# Material shown

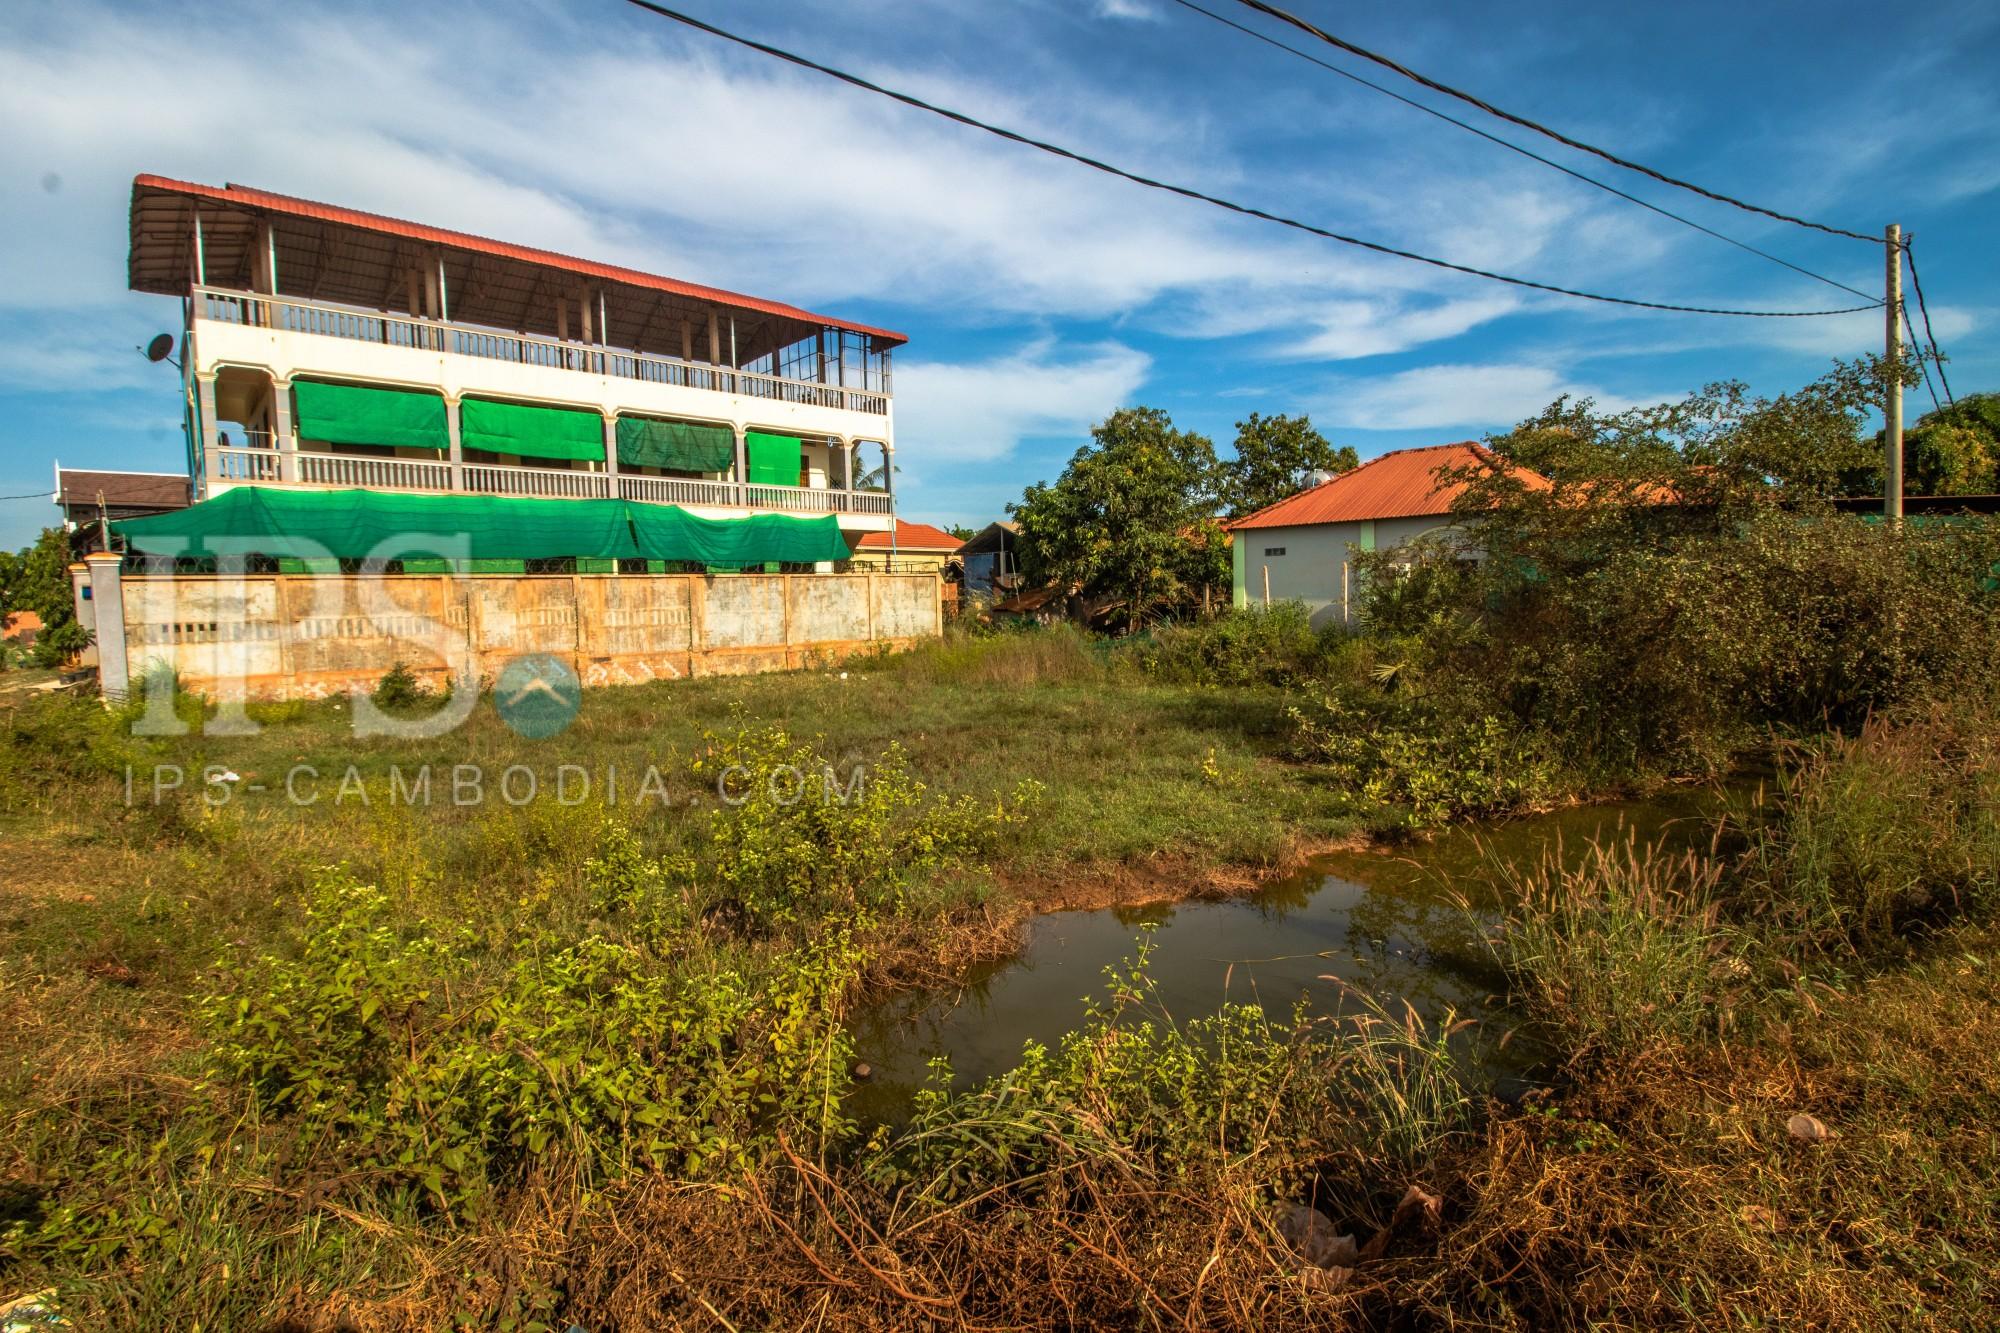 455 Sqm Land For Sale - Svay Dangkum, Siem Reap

---

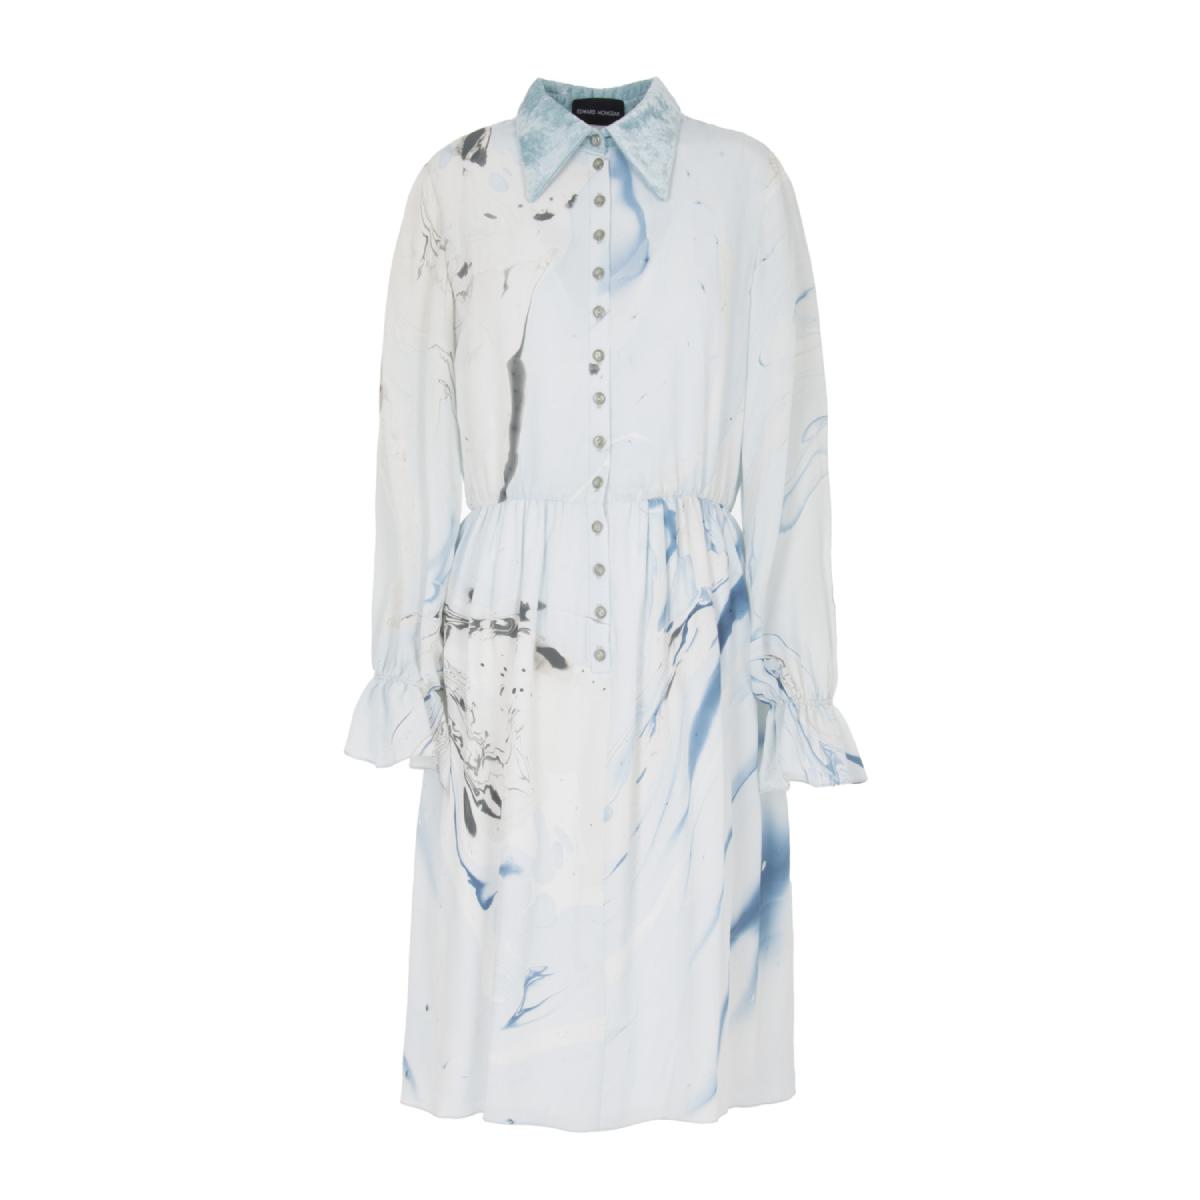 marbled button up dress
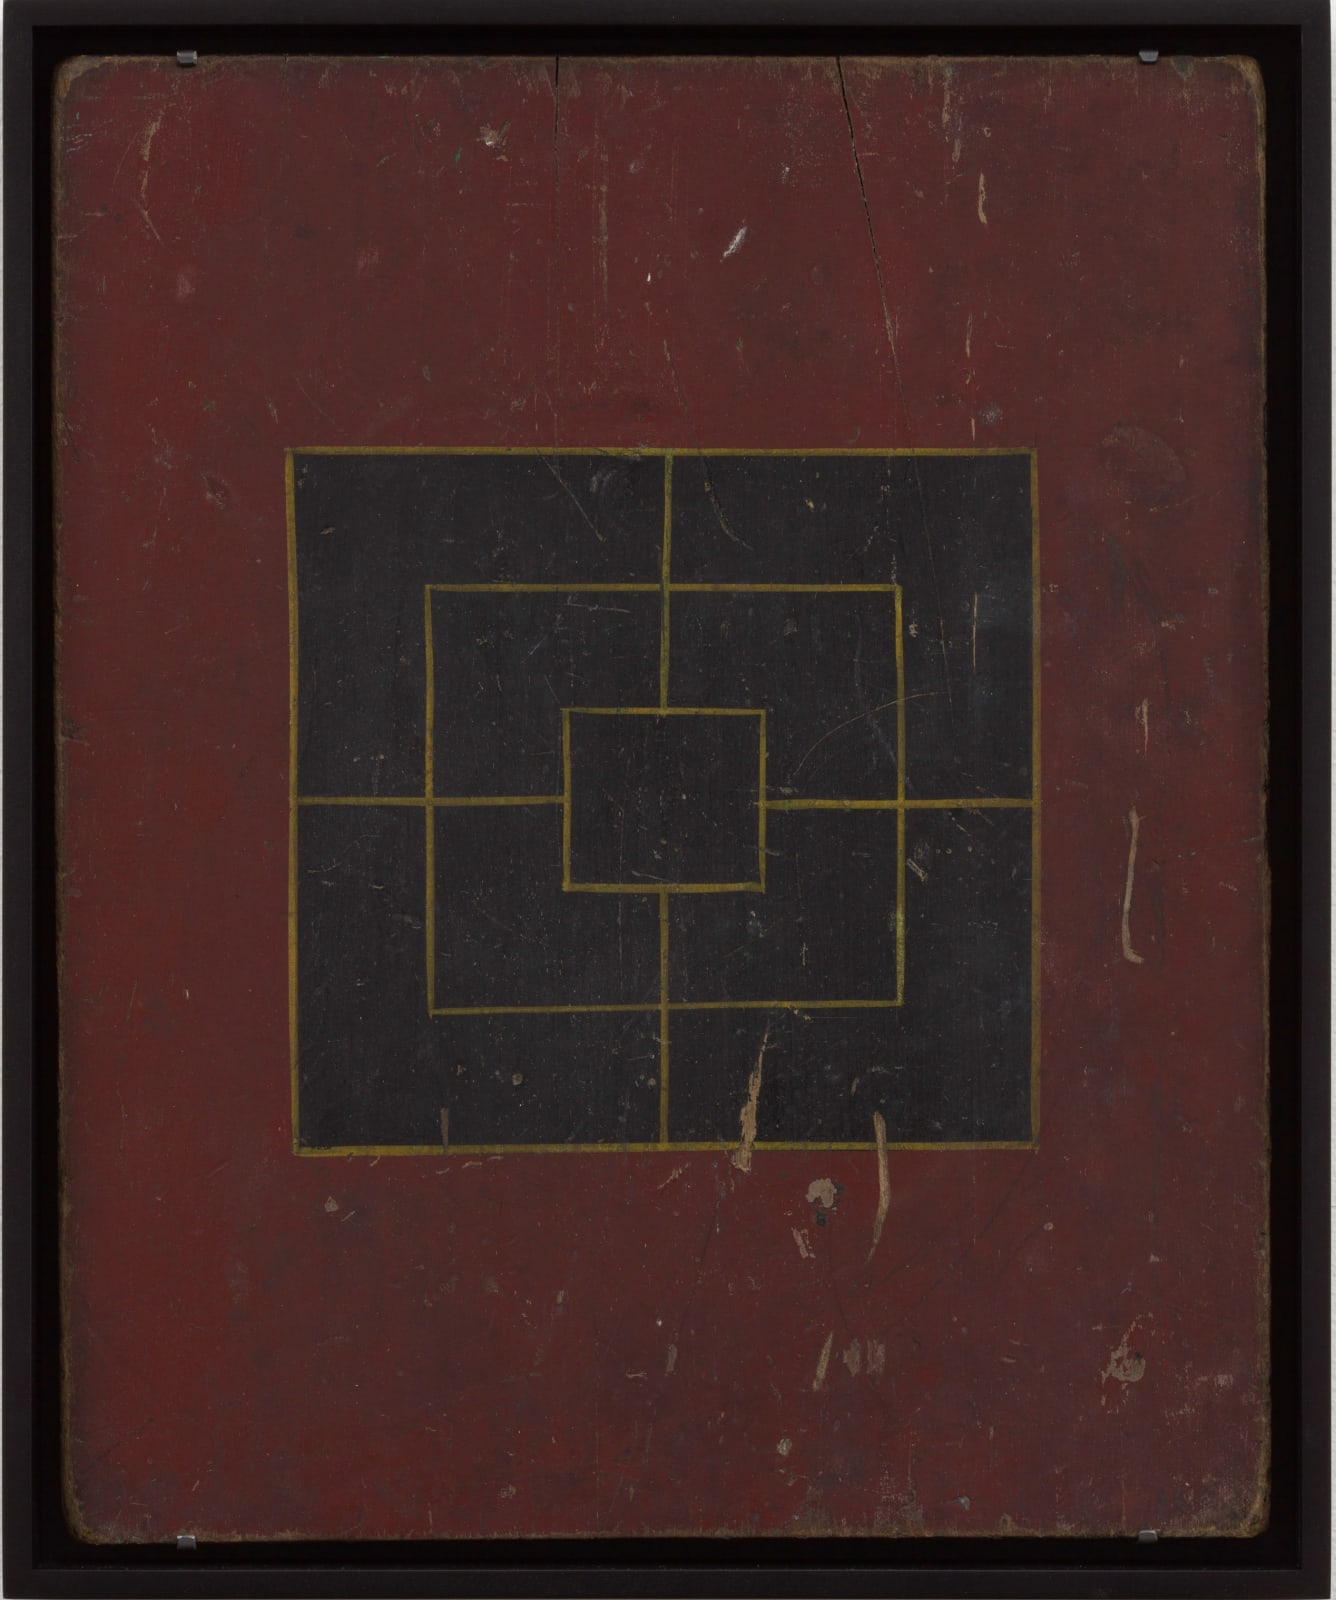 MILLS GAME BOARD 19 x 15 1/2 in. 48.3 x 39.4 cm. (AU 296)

# How to complete this task
When you reach the line holding "marbled button up dress" in the listing above, begin retyping exactly, and stop once the line holding "MILLS GAME BOARD" is done; pictures stay out.

# Worked solution
 marbled button up dress
 MILLS GAME BOARD 19 x 15 1/2 in. 48.3 x 39.4 cm. (AU 296)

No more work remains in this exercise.